MAC unit running at 5 GHz. We believe that FO4 delay performance for our multiplier and the MAC unit is quite remarkable.

#### 5. CONCLUSION

We investigated design of multipliers and MAC circuits based on our earlier pipelining method called HyPipe. Due to a stringent requirement on delay balancing for the high speed operation, we employed only one kind of combinational building block, full adder, in our design. Our SPICE simulation results show that our multipliers and MAC circuits can operate at 5 GHz in the TSMC 0.18  $\mu$ m technology under the supply voltage of 1.8 V. The speed is about three times higher than that would be attained using conventional pipelining only.

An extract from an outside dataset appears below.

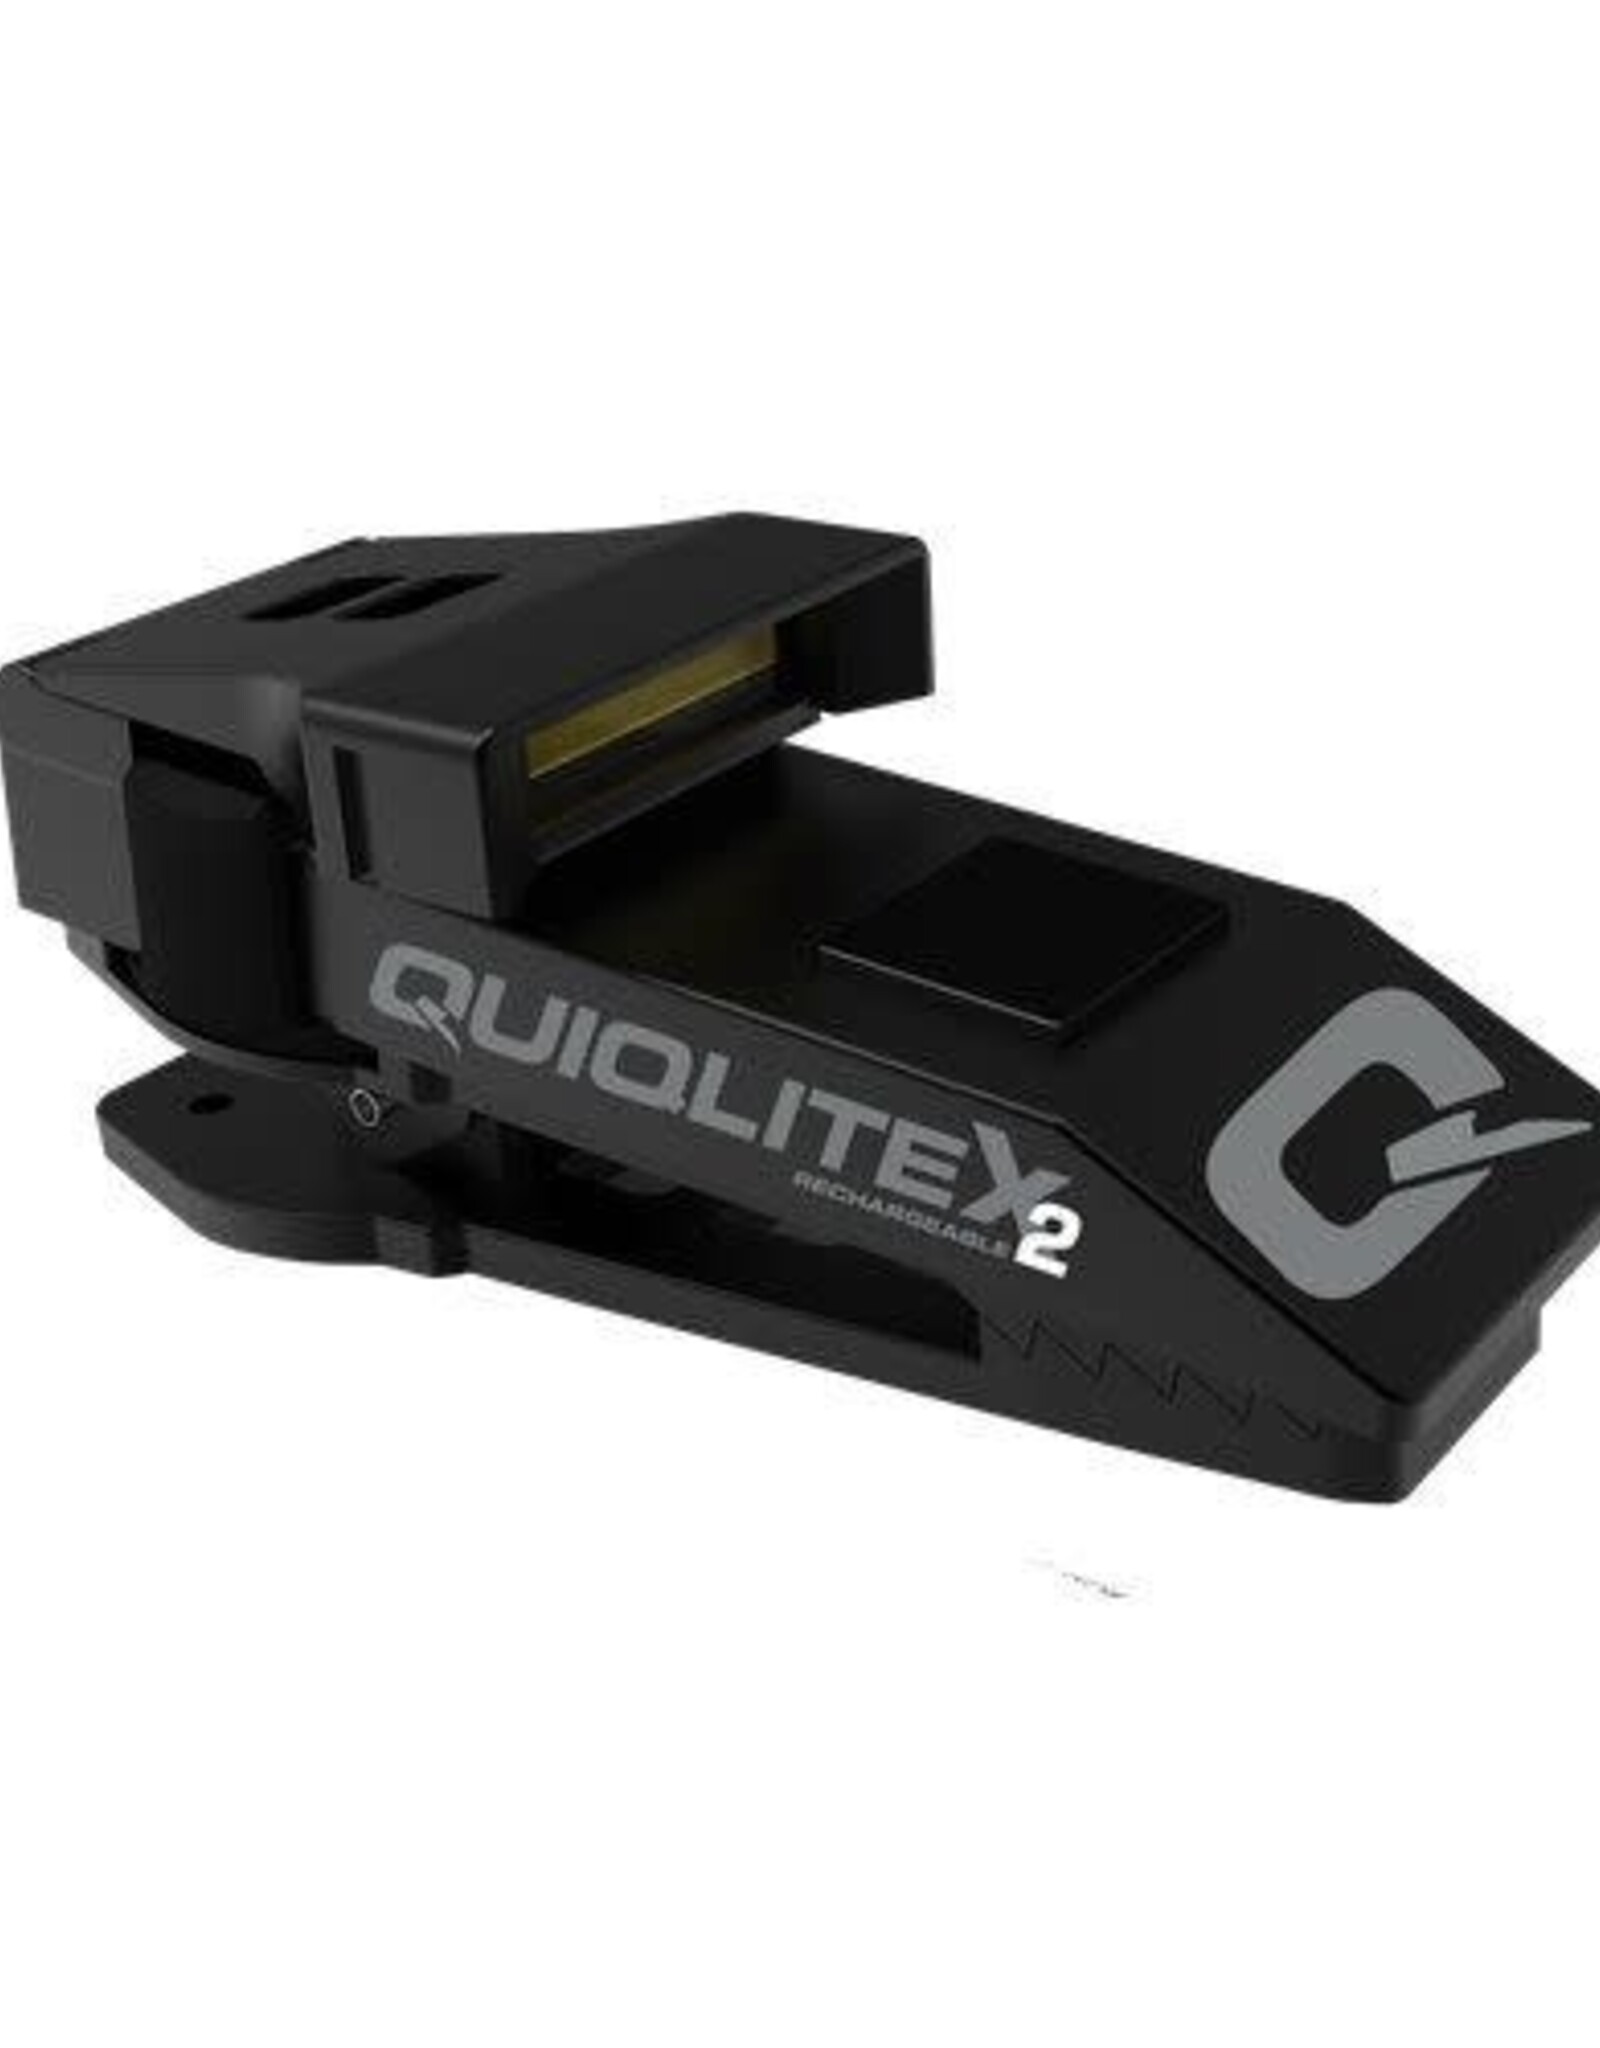 Quiqlite QX2 RECHARGEABLE   LED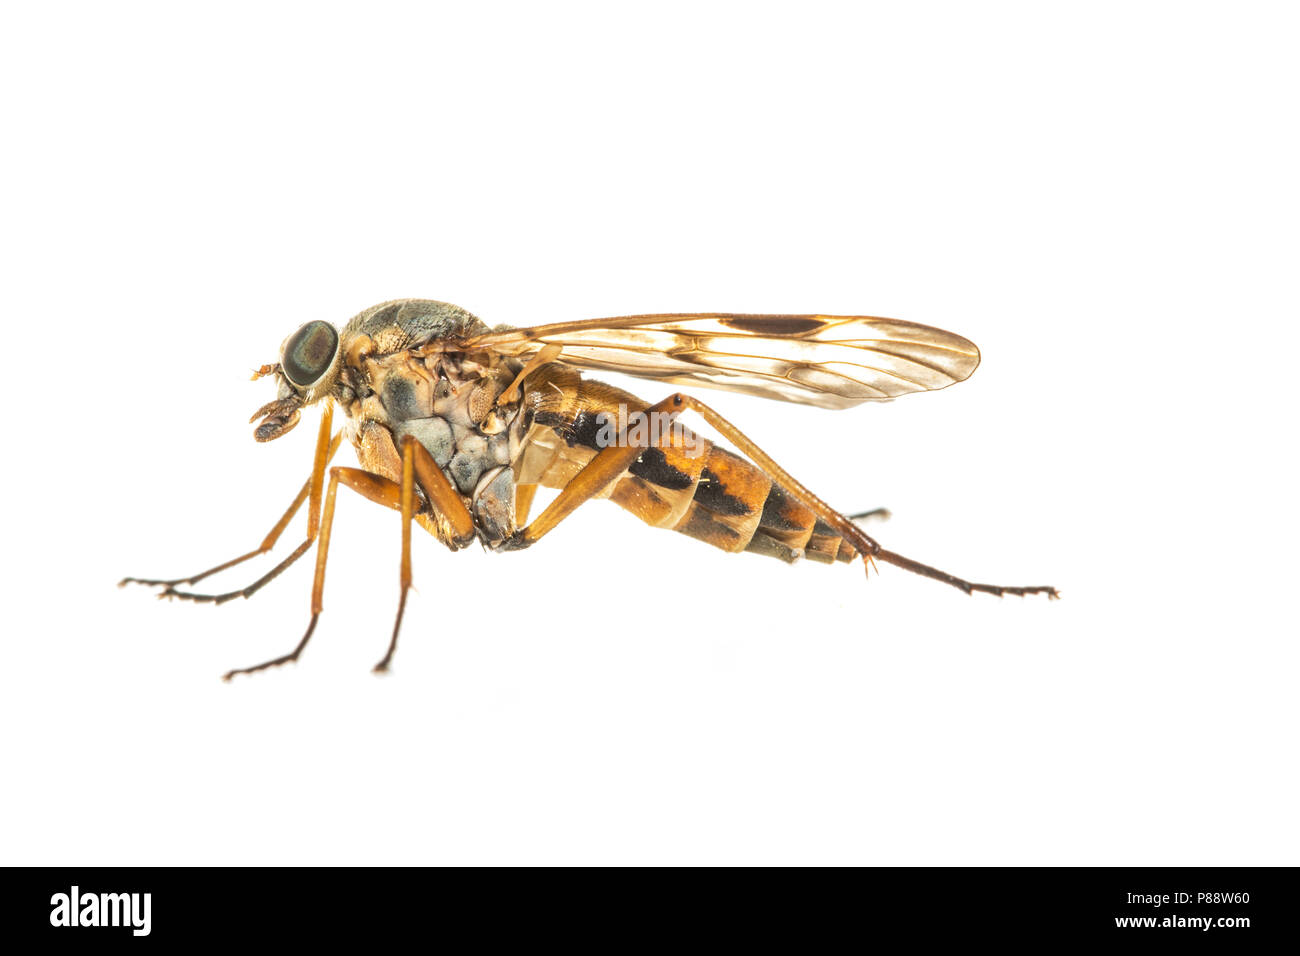 Downlooker snipefly, Gewone Snipvlieg Foto Stock

If the circuit is laid out and fabricated, the attainable operating frequency would be lower due to both wire loads and other parasitics. However, we believe that the circuits can still operate with the wave number 3, since the wire delays are relatively small due to the regular structure of ripple carry adders and array multiplies. It is open to future research.

#### 6. REFERENCES

- W. Burleson, M. Ciesielski, W. Liu, and F. Klass, "Wave Pipelining: A Tutorial and Research Survey". *IEEE Transactions on VLSI Systems*, vol. 6, pp. 464-474, September 1998.
- [2] D. Ghosh and S. K. Nandy, "Design and Realization of High-Performance Wave-Pipelined 8b×8b Multiplier in CMOS Technology". *IEEE Transactions on VLSI Systems*, vol. 3, pp. 36-48, March 1995.
- [3] M. Horowitz, R. Ho, and K. Mai, "Wires: A User's Guide", http://mos.stanford.edu/papers/rh\_srcmarco\_99.pdf, Stanford University, 1999.
- [4] B. Parhami, Computer Arithmetic Algorithms and Hardware Designs, 1<sup>st</sup> ed. New York, NY: Oxford University Press, 2000, sec. 11.3.
- [5] J. B. Sulistyo and D. S. Ha, "HyPipe: A New Approach for High Speed Design". *Proceedings of the 2002 IEEE* ASIC/SOC Conference, pp. 203-207, September 2002.
- [6] J.-S. Wang, P.-H. Yang, and D. Sheng, "Design of a 3-V 300-MHz Low-Power 8-b × 8-b Pipelined Multiplier Using Pulse-Triggered TSPC Flip-Flops". *IEEE Journal of Solid-State Circuits*, vol. 35, pp. 583-592, April 2000.